– Оставим ее пока здесь, – решил врач.
А дальше началось следствие. То есть бесконечное ожидание. Не допрашивать же сумасшедших! Следователь и сам постепенно стал сходить с ума от такого расклада. Спустить на тормозах, замолчать случившееся невозможно. Дело, говоря языком журналистов, получило широкий общественный резонанс, и даже столичные газеты об этом писали. Фотографии героев загадочной истории не сходили с первых полос. Тихий провинциальный городок был теперь у всех на слуху. Его так и окрестили: Город Маньяков. Разумеется, местные жители были недовольны.
– Мы не маньяки! – кричали они под окнами здания городской администрации, размахивая плакатами перед нацеленными на них телекамерами.
– Надо разъяснить им! – брызгал слюной мэр на своих подчиненных. – А главное – журналистам! Разъяснить, что никаких маньяков здесь нет! Что в городе все спокойно!
Подчиненные молчали. А выйдя из кабинета шефа, смущенно переглядывались.
– Я и сам боюсь, – вполголоса сказал один зам другому. – Дочь отправил к бабушке в Киев, от греха подальше.
– А я сына за границу вместе с женой, – признался его собеседник. – Вечером из дома не выхожу, веришь, нет?
– Так их же всех в дурдоме заперли, – нервно хихикнул коллега.
– Того тоже заперли. И что? Пусть закрывают лечебницу на хрен. Или переводят психов в другую область. Мы уже нахлебались.
– Точно!
Вот так говорили в городе.
А Лидия Михайлова молчала.
– Кто убил Тычковского? – Молчание. – А соседа вашего кто застрелил? Кибу по голове кто бил?
Михайлова подняла на врача мертвые глаза. Она была абсолютно невозмутима. И по-прежнему молчала.

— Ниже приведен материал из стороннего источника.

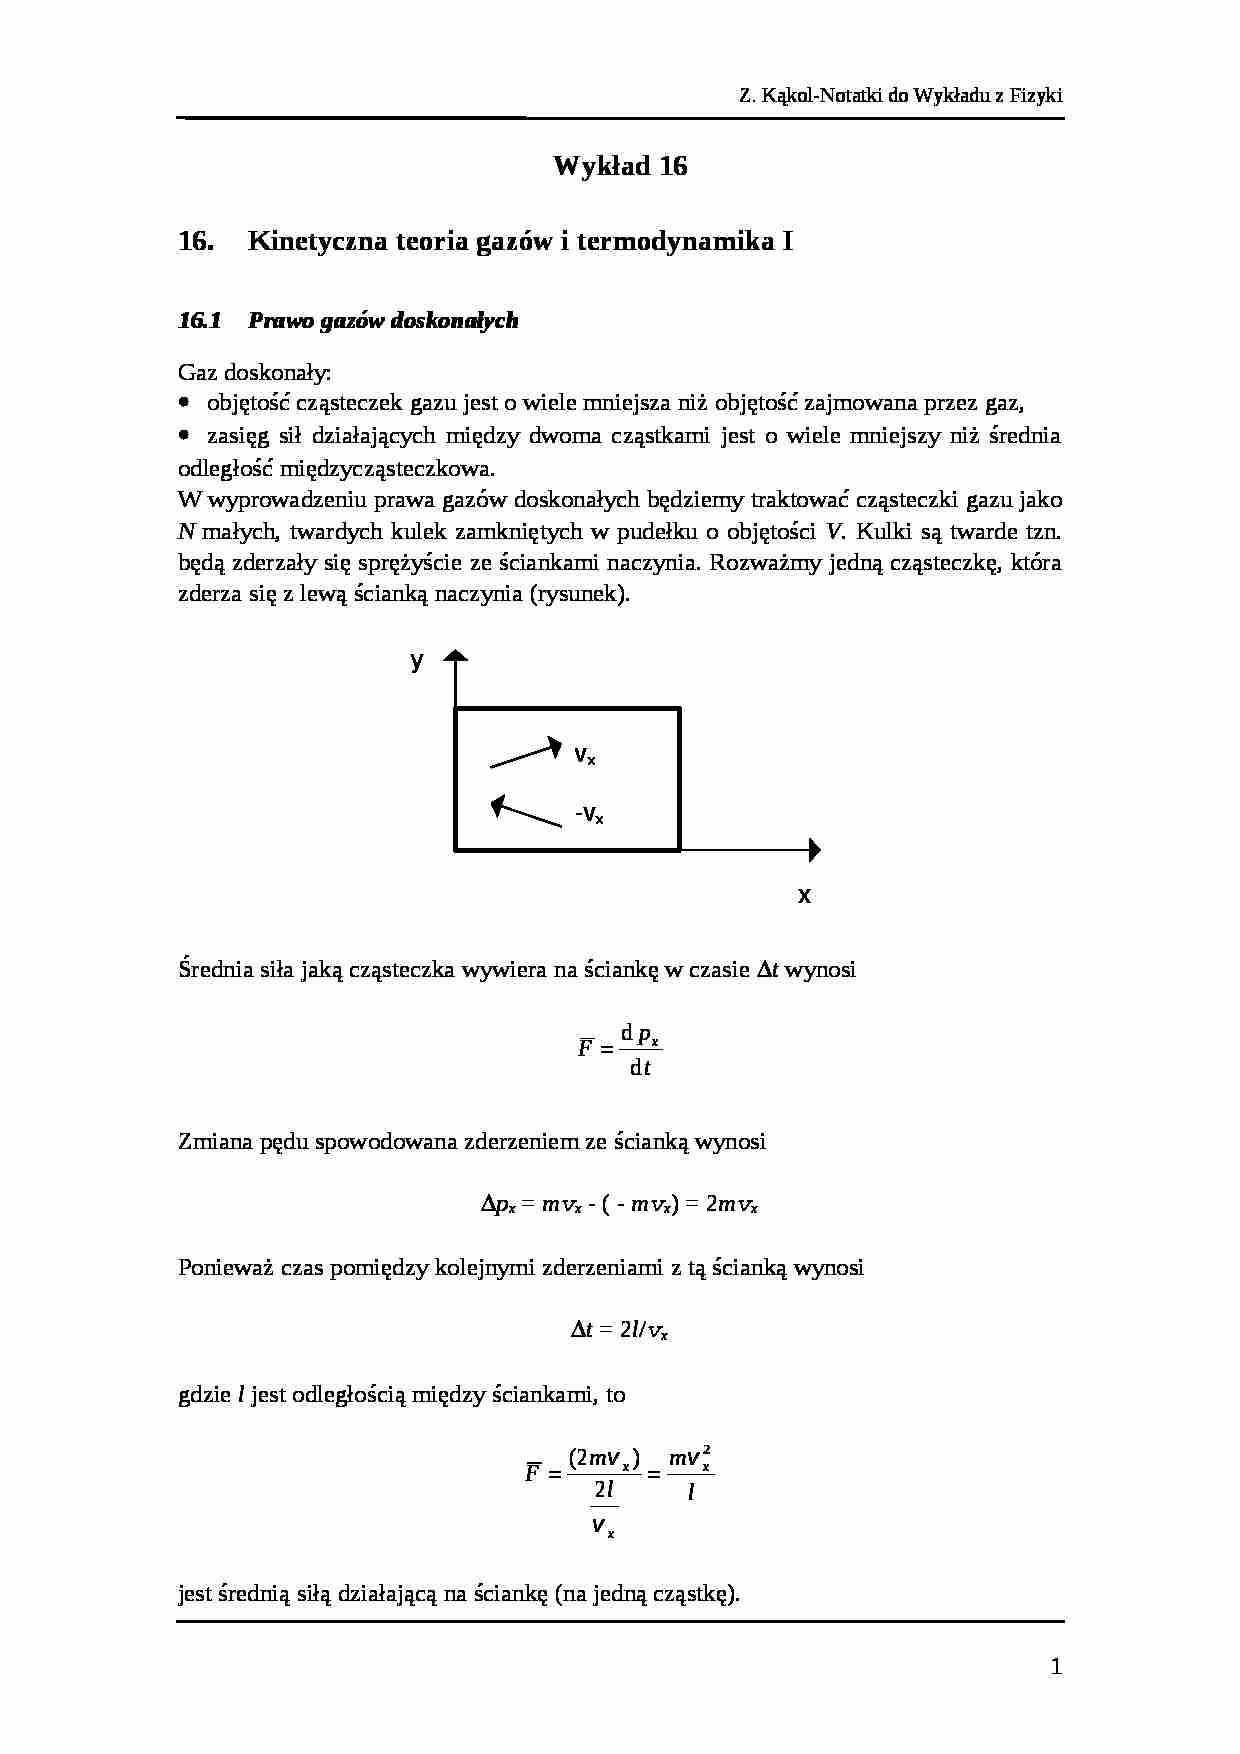 Wykład 16 fizyka - strona 1

– Вас хочет видеть один человек. Идемте.
Она послушно встала. Длинный коридор, ряд безликих белых дверей. Она шла по нему молча и остановилась, когда остановился сопровождающий ее врач.
– Подождите минутку.
Тот вошел в палату первым. Потом широко открыл дверь и позвал ее:
– Заходите.
Она нехотя переступила порог. Сидящий на кровати мужчина поднял голову. Лидия его сразу узнала, хотя он был в больничной пижаме, не в костюме, и с обильно усыпанным пеплом ранней седины ежиком волос на голове. А раньше они были темные и намного длиннее.

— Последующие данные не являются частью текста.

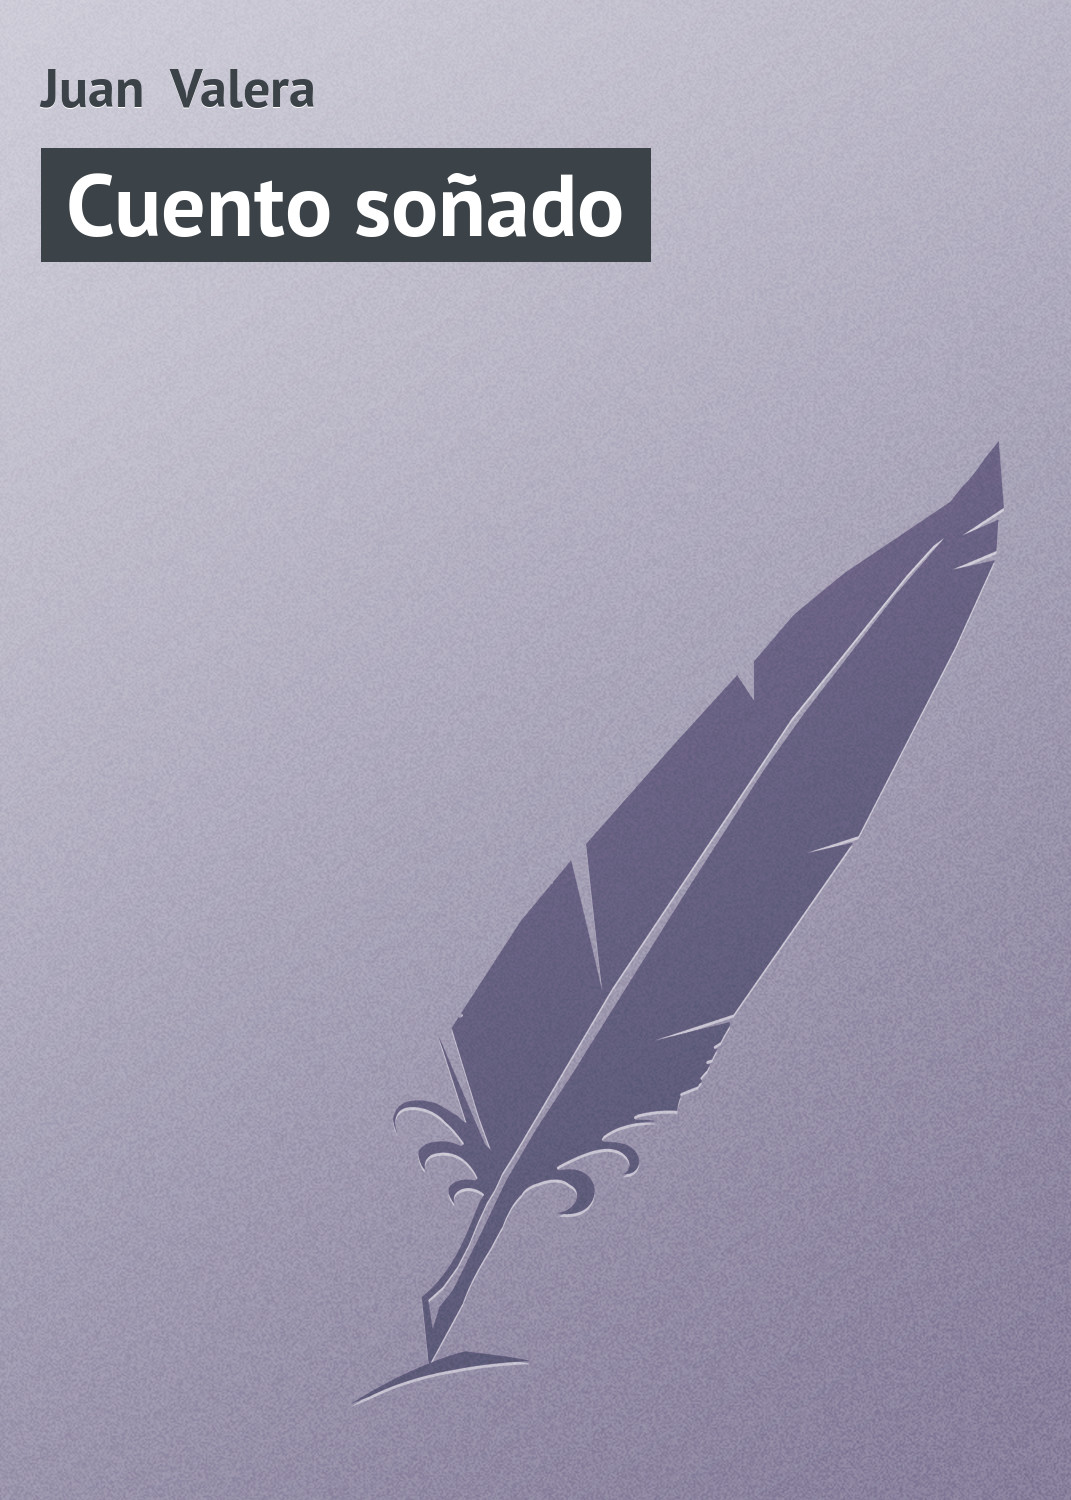 Книга Cuento soñado из серии , созданная Juan Valera, может относится к жанру Зарубежная старинная литература, Зарубежная классика. Стоимость электронной книги Cuento soñado с идентификатором 21107870 составляет 5.99 руб.

– Дмитрий Александрович, вы узнаете эту женщину?
Он смотрел на нее не отрываясь. Она выдержала этот взгляд.
– Лидия? – спросил Киба. От его голоса веяло могильным холодом. Она кивнула.
– Разве ты жива? Я же тебя убил.
И тут она дико захохотала. Киба вздрогнул. А она все смеялась и смеялась. Киба слушал этот дикий хохот, и выражение его лица постепенно менялось.
– Что, Дмитрий Александрович? Память возвращается?
Он кивнул. Хохочущую Лидию увели. Киба помолчал минут пять, потом вдруг сказал:
– Позовите Веру.
Завотделением не поверил своим ушам.
– Кого? – переспросил он.
– Веру, мою жену.
– Ну, слава богу! – И врач-психиатр, далекий от религии человек, убежденный материалист, чуть было не перекрестился.
Вскоре приехала Вера Владимировна Киба. Ее встреча с мужем вышла прохладной. Она рыдала и все время звала «Дима, Дима», а он… Он смотрел на нее как-то отстраненно и так же обнимал, со стороны казалось даже, что с брезгливостью.
– Он меня так любил, так любил, – рыдала потом в кабинете главного врача, прежде принадлежавшем Абрамовой, Вера Владимировна. – Дима был такой нежный… Такой… – Всхлип. – А сейчас… Как чужой…
– Успокойтесь. Все образуется. Главное, что он перестал идентифицировать себя с Тычковским. К нему вернулась память.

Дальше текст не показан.